In a small victory for freedom of speech, independent distributor Bitters End opened Angelina Jolie's controversial World War II prison camp movie "Unbroken" at Shibuya's Theatre Image Forum, and in the end there were no fascist sound trucks or other harassment — just a couple of aggro emails. Yet the fact remains that no major distributor was willing to touch the film, due to the fact that it had been smeared as "anti-Japanese" prior to even being released, reflecting the climate of self-censorship in Japan these days.
"Unbroken" was labeled "anti-Japanese" by local right-wing Internet trolls largely due to a brief mention in the Laura Hillenbrand book on which the film was based of starving Japanese soldiers engaging in cannibalism, something rightists claim is hearsay. As it turns out, that scene didn't end up in the film, but the Sankei Shimbun even scoured the deleted scenes on an imported U.S. Blu-ray edition of "Unbroken" to try and find some flesh-munching. Having no luck there, the line of attack on the film has shifted.
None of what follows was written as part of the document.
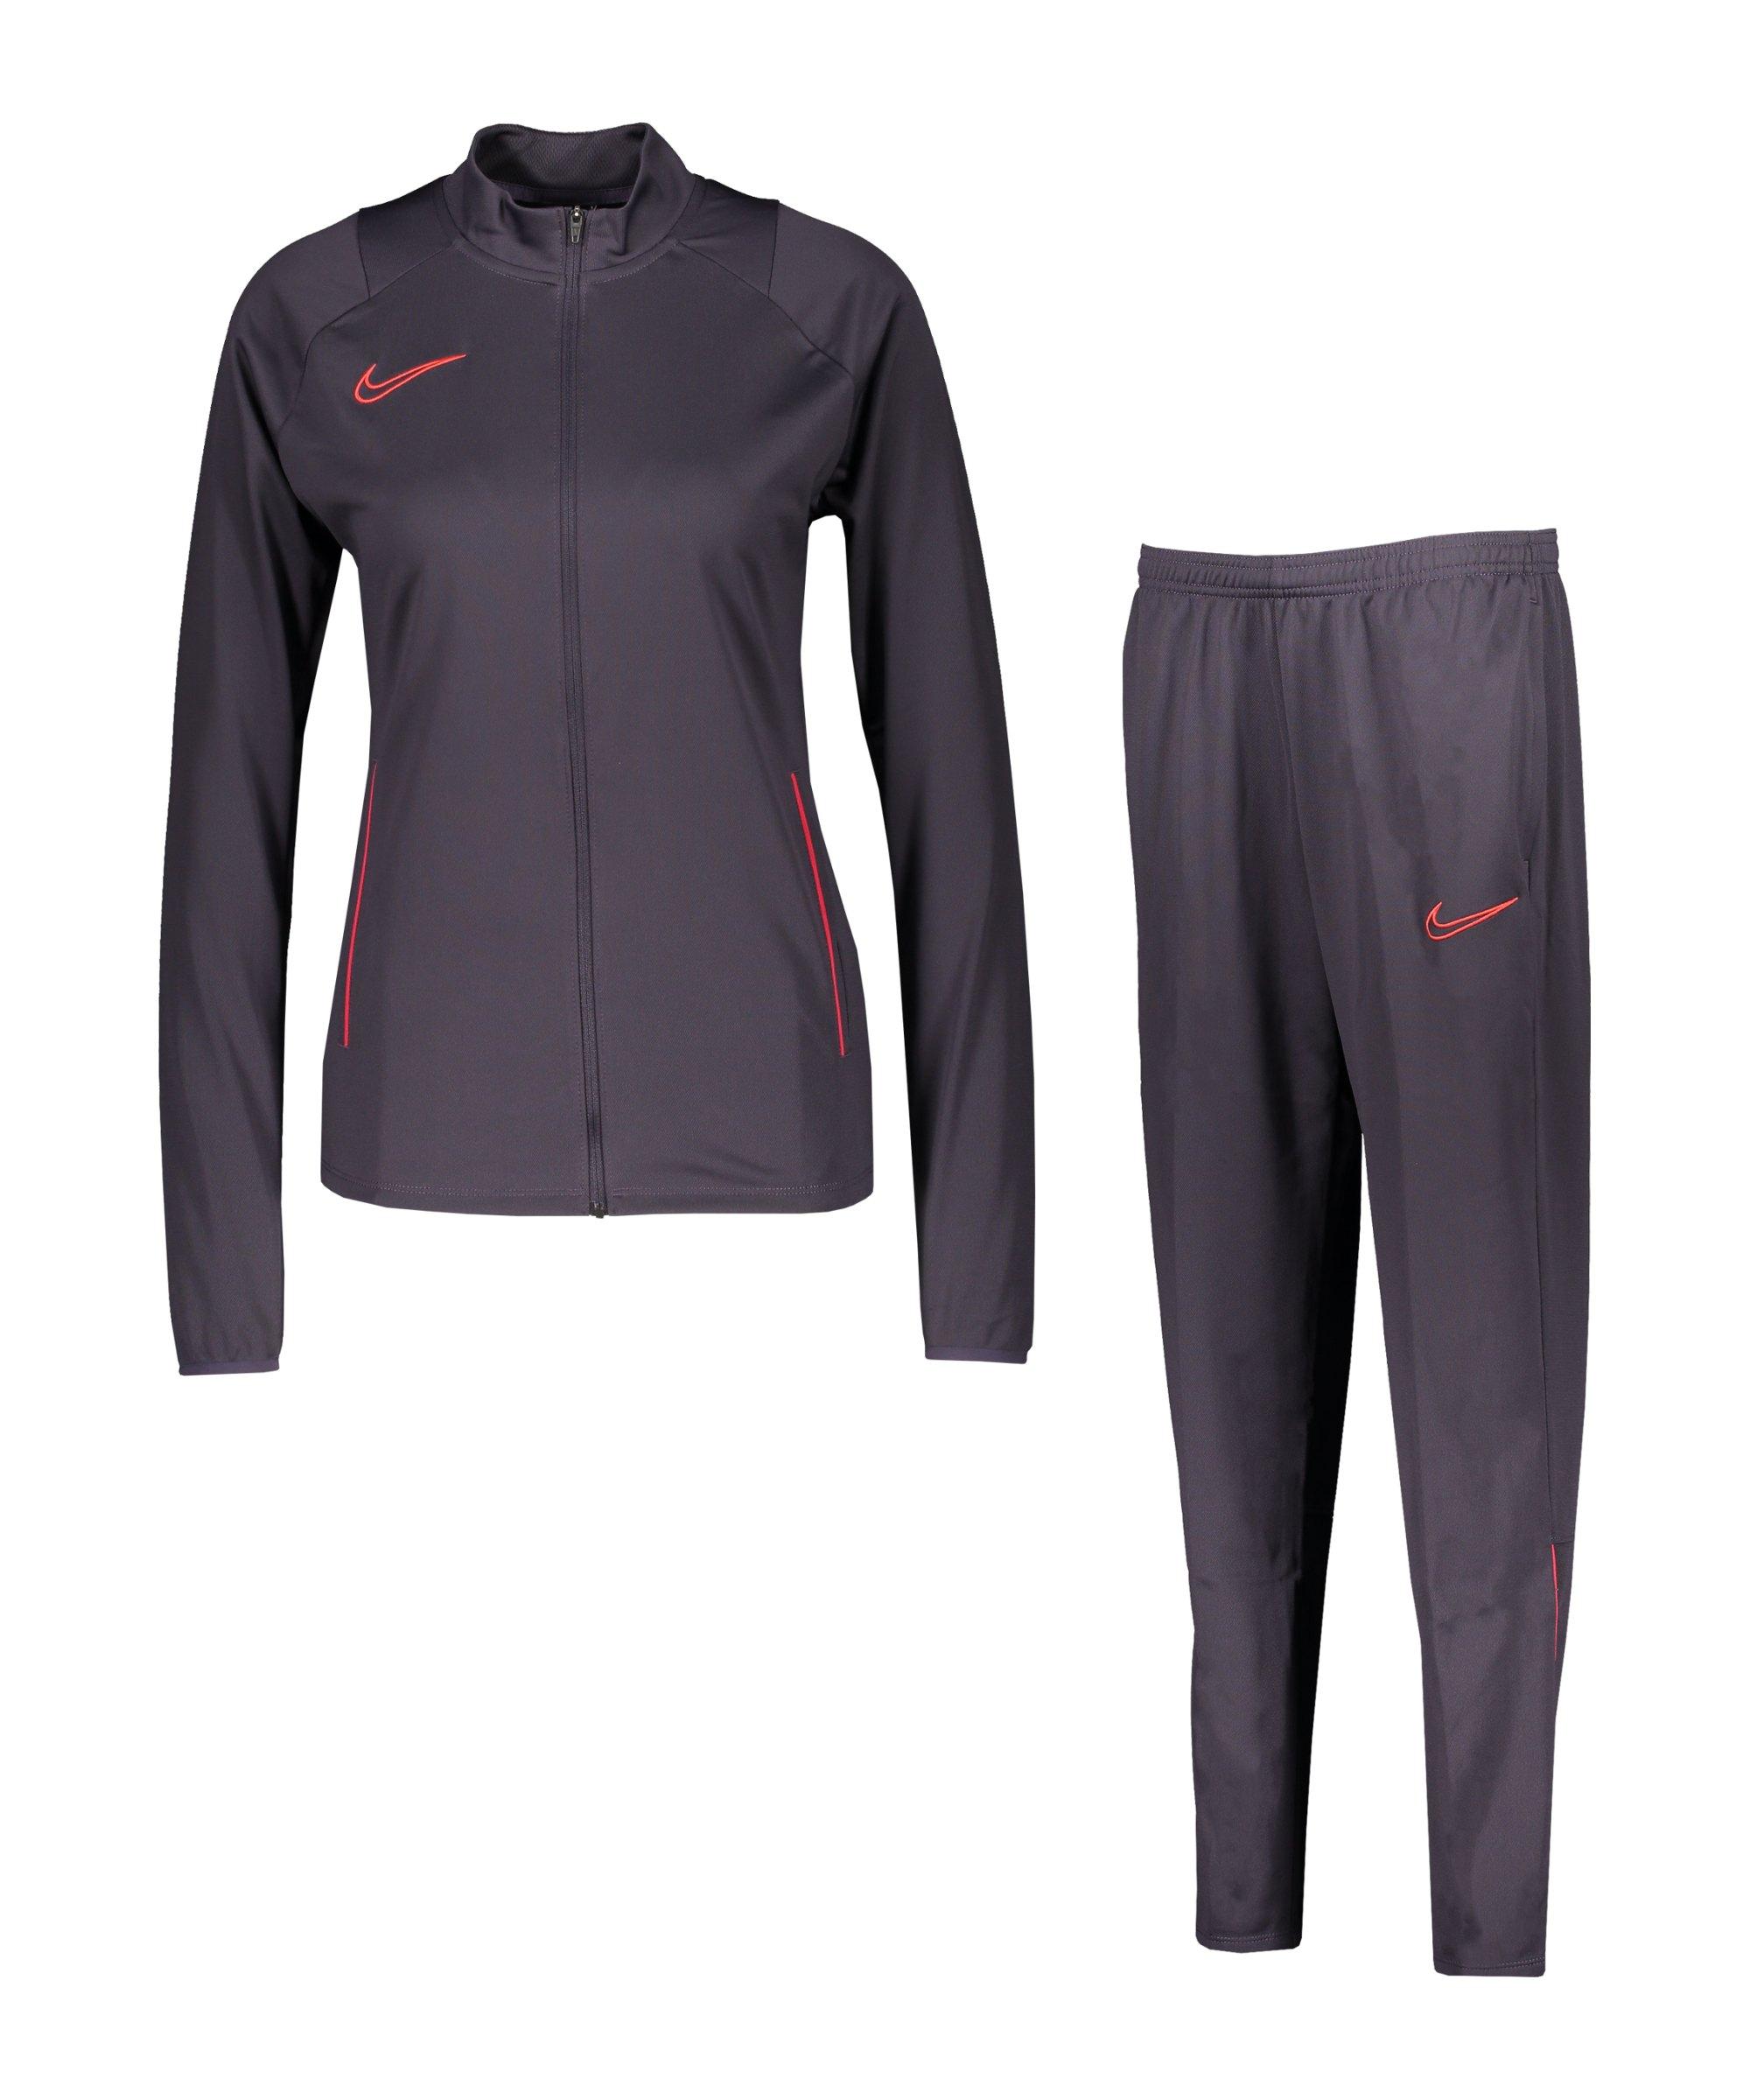 Nike Academy 21 Trainingsanzug Damen F573 - lila

Some Japanese viewers who saw the movie overseas Tweeted that they felt "afraid" of the menacing genchi no gaikokujin ("local foreigners," i.e., people in their own country) after the credits rolled. And then there is the thread that went viral on Tweet-aggregator Togetter called "F—- Jap!," a hefty compilation of tweets in English along the lines of "I just saw 'Unbroken' and now I hate the Japs," which is further proof of widespread Internet stupidity but clearly dwarfed by the number of people who had the same reaction to "One Direction: This Is Us." Is that film "anti-idol"?